Exemplos conhecidos incluem certos anfíbios, insetos e até mamíferos cujas
diferenças são detetadas pela análise acústica ou por estudos de filogenia.
O
estudo “When taxonomy lags behind evolution: Consevation implications of
cryptic diversity in the Iberian rabbit”, coordenado por Rafael Villafuerte e
Miguel Delibes-Mateos, em colaboração com investigadores do grupo TRAMAS,
distingue coelho ibérico “Oryctolagus algirus” (O. algirus) de coelho
europeu “Oryctolagus cuniculus” (O. cuniculus). O primeiro ocorre,
naturalmente, em Portugal e no Oeste de Espanha; o segundo domina o Leste da
Península e está na origem das populações introduzidas na Europa, na Oceânia e
na América, onde se comporta, muitas vezes, como espécie invasora.
Diz
Jesús Maturana que ambos os animais divergiram, há aproximadamente dois milhões
de anos, quando ficaram isolados em refúgios distintos, durante os períodos
glaciais: um, no vale do Ebro, e outro, no golfo de Cádis, quase não se tendo voltado
a cruzar, de forma significativa, apesar de, à primeira vista, serem muito
semelhantes.
As
diferenças não se limitam ao genoma, pois o O. algirus é mais pequeno, tem
pelame mais escuro, orelhas e patas traseiras mais curtas, ninhadas menos
numerosas e maturação sexual mais precoce do que o O. Cuniculus. E diferem
no microbioma intestinal, na composição da carne e nas comunidades de parasitas
que hospedam. Nas palavras de Villafuerte, “as duas espécies sempre estiveram
aí, o que mudou foi o nosso conhecimento sobre elas”.
Os
próprios autores citam precedentes: “Algo semelhante aconteceu com as
girafas, agrupadas numa única espécie, até que a genómica revelou que eram
afinal quatro, ou com os elefantes-africanos, hoje divididos em espécie de
savana e espécie de floresta.”
Segundo
os investigadores, esta descoberta é importante, pois, enquanto o coelho
europeu mantém populações estáveis ou em crescimento, em grande parte da sua
área de distribuição, chegando a provocar prejuízos agrícolas, em algumas
regiões, o coelho ibérico atravessa um declínio acentuado (em mais de 50%)
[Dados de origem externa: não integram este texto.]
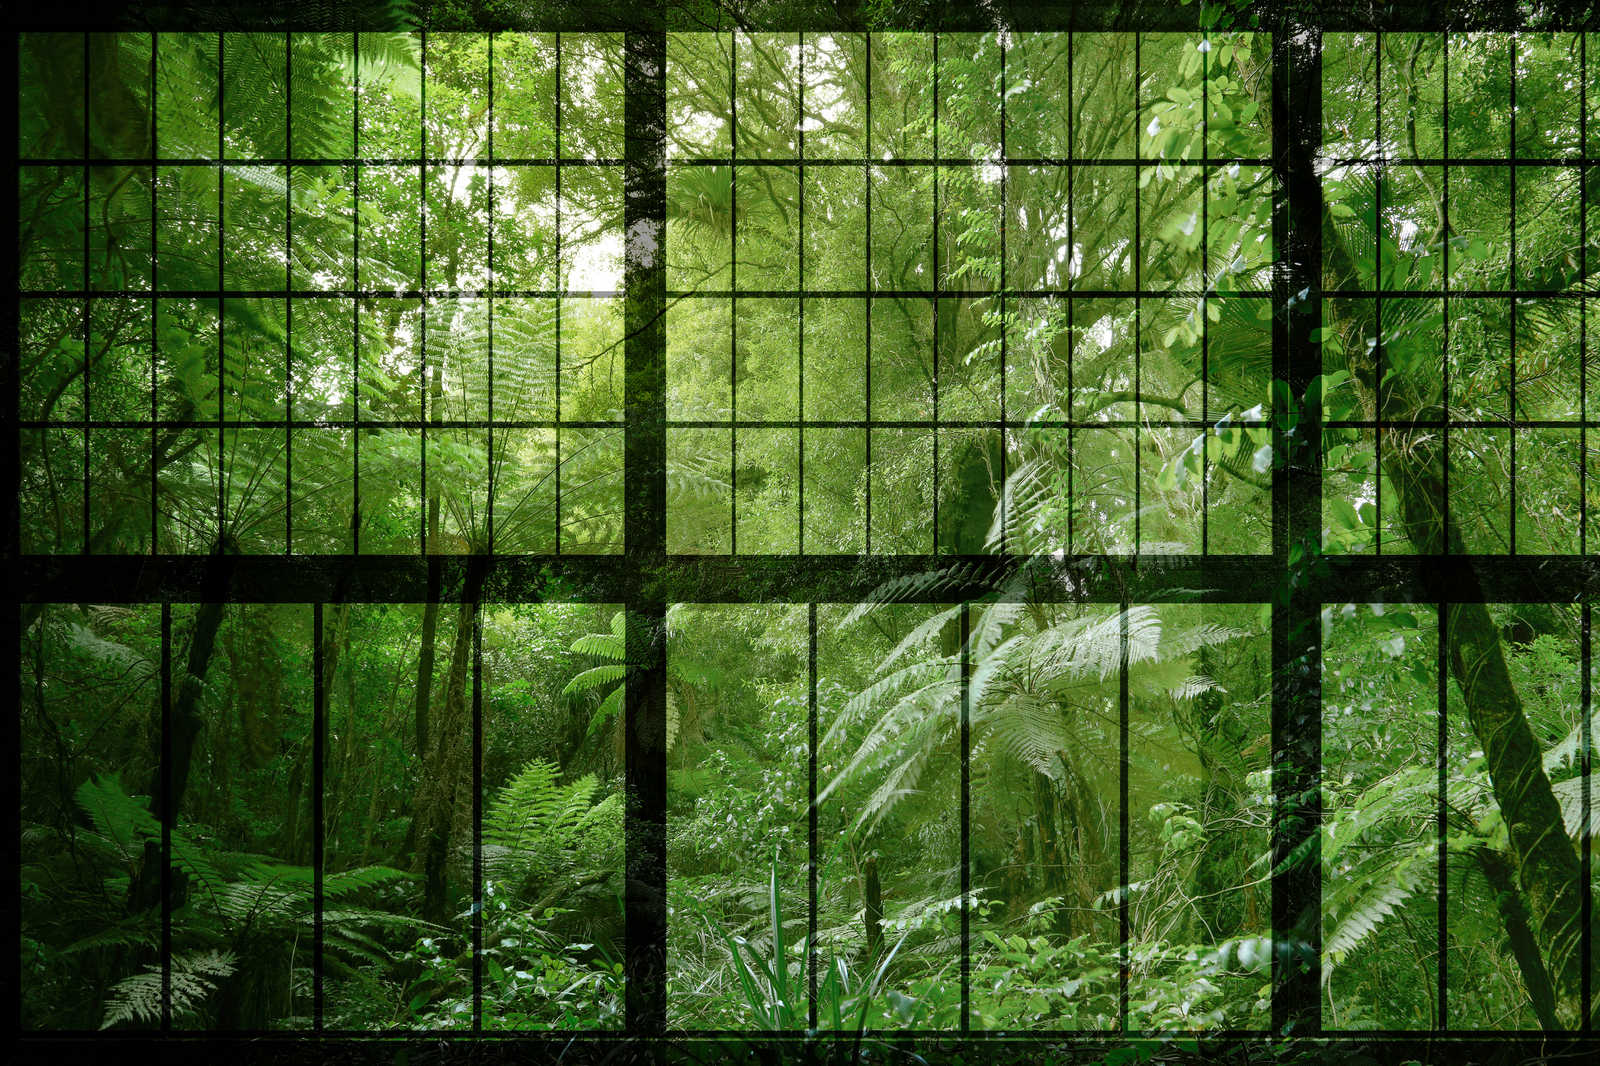             Rainforest 2 - Loftfenster Leinwandbild mit Dschungel Aussicht – 1,20 m x 0,80 m
        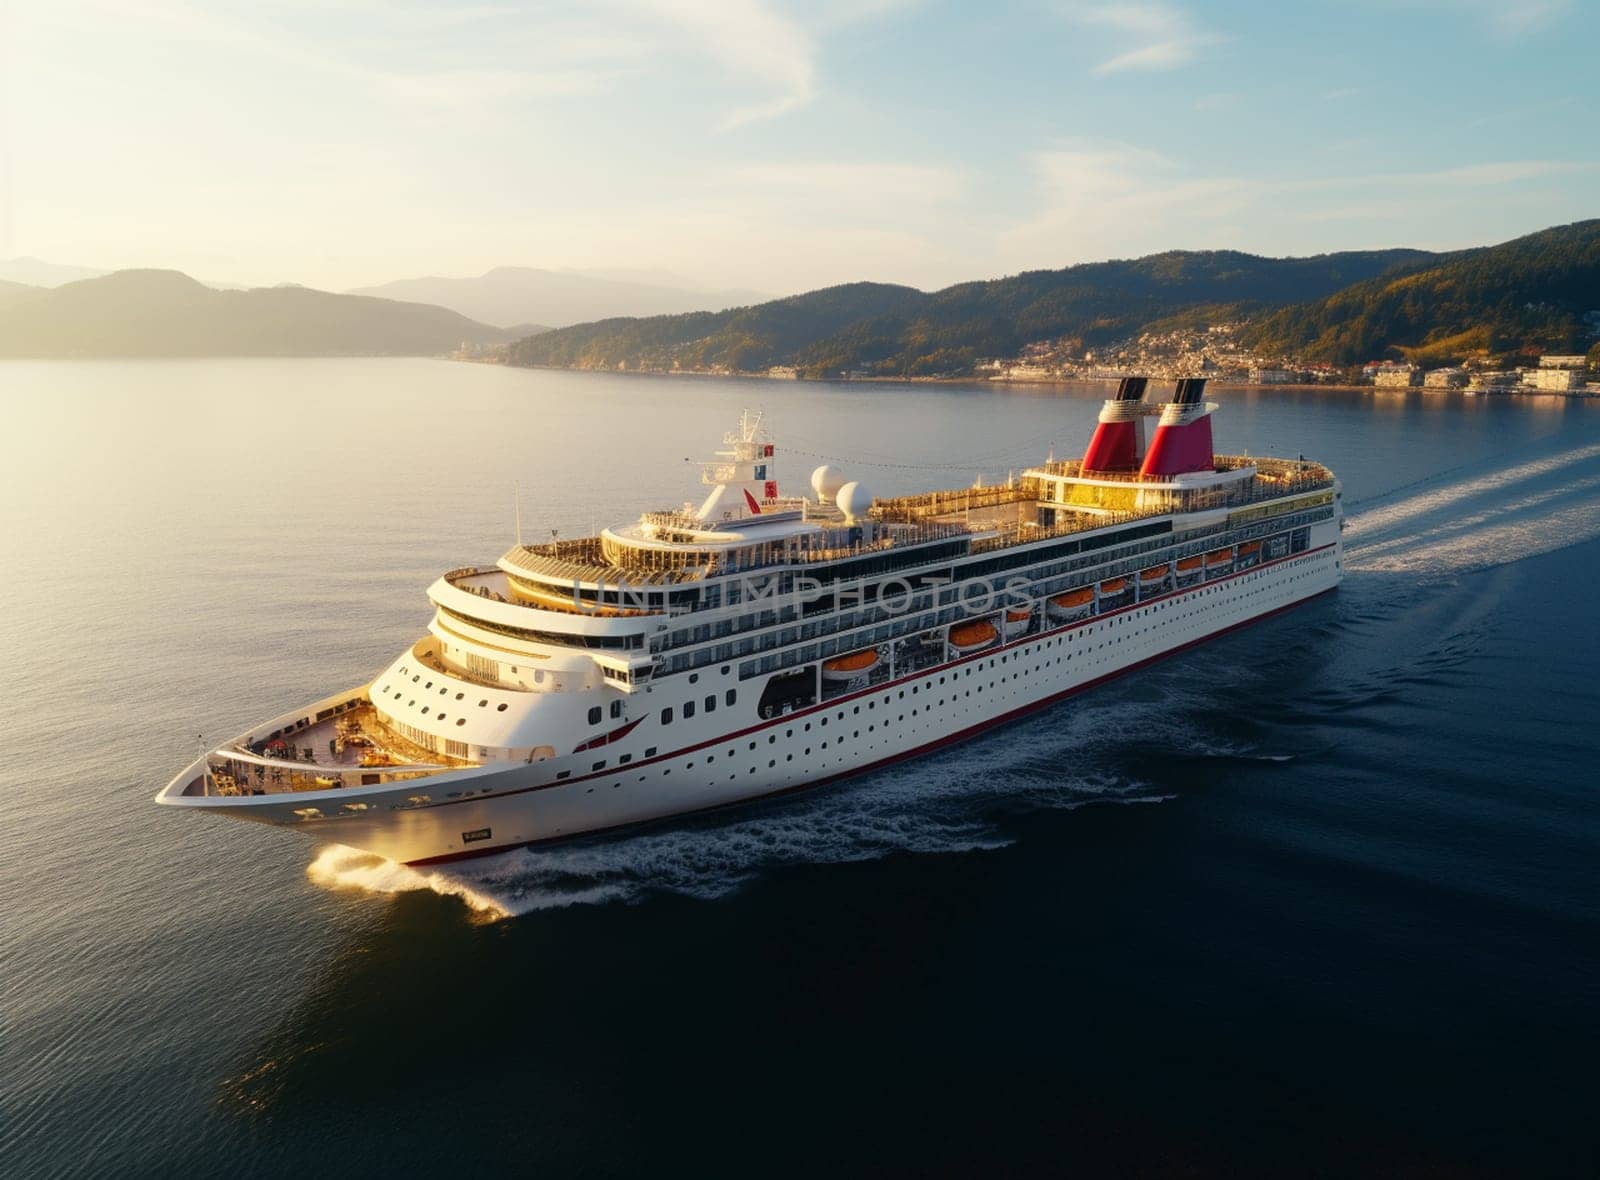 Luxury cruise ship sailing to port on sunrise by Andelov13

em Portugal e no Sudoeste de Espanha. Ora, gerir ambos como se fossem uma única
espécie tem ocultado a gravidade dessa queda.
As
repovoações cinegéticas costumam introduzir exemplares de coelho europeu, mais
abundante e prolífico, em áreas onde antes só existia o coelho ibérico, o que acelera
a sua substituição, pela competição e pela hibridação. E Delibes-Mateos adverte:
“Não podemos continuar a gerir como uma só espécie dois coelhos que evoluíram
separadamente, durante quase dois milhões de anos.”
A
questão vai para lá do próprio animal. O coelho é presa de até 40 espécies
de predadores, entre eles, o lince ibérico e a águia imperial, pelo
que o seu estado de conservação condiciona o de grande parte da fauna
mediterrânica.
Reconhecer,
formalmente, as duas espécies permitiria, segundo os investigadores, criar
programas de monitorização, planos de recuperação e normas de caça
específicas para cada linhagem, em vez de aplicar critérios concebidos
para apenas uma delas.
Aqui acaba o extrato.